Dear Governor Newsom:

I am writing to let you know that the California Correctional Peace Officers Association and the Department of Corrections are circumventing the voter-initiated Prop 57. They are trying to force general population inmates who are eligible to receive credits on to non-designated programming facilities which is nothing more than a protective custody yard knowing that a great many of these general population inmates are going to beat someone up or get beat up as soon as they get onto the yard. It is the days of Corcoran and staged gladiator fights all over again. Even when they try to put someone on one of these yards for non-designated programming facility and he fights, he is brought back to a general population yard within 10-12 months later. They try to force these men on to these yards again while 15 or 20 officers line up to watch the fight.

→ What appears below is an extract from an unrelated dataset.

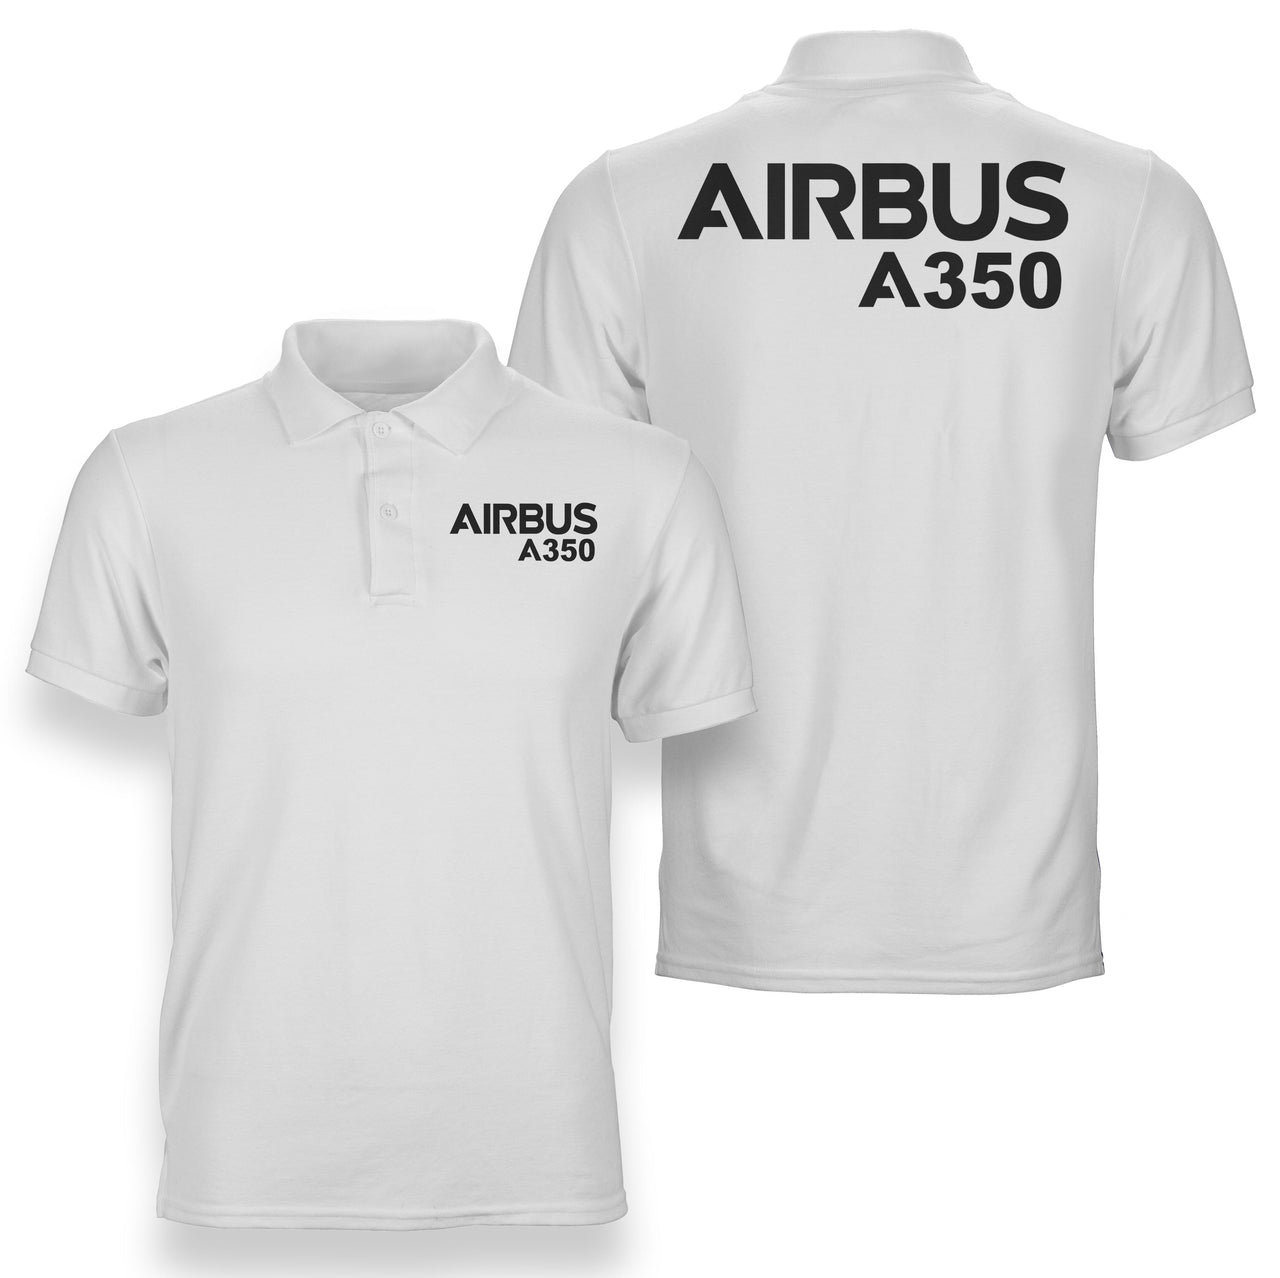 Airbus A350 & Text Designed Double Side Polo T-Shirts

The Department of Corrections and the Correctional Officers union are trying to force general population inmates to live with people who the public itself doesn't want living in their neighborhoods. Is this your policy, Governor? Or is the green wall working to keep the prisoners full, above the capacity of 137%? In fact here at CTF Central they’re right around 185-195% capacity. You have two grown men in cells built for one without proper ventilation.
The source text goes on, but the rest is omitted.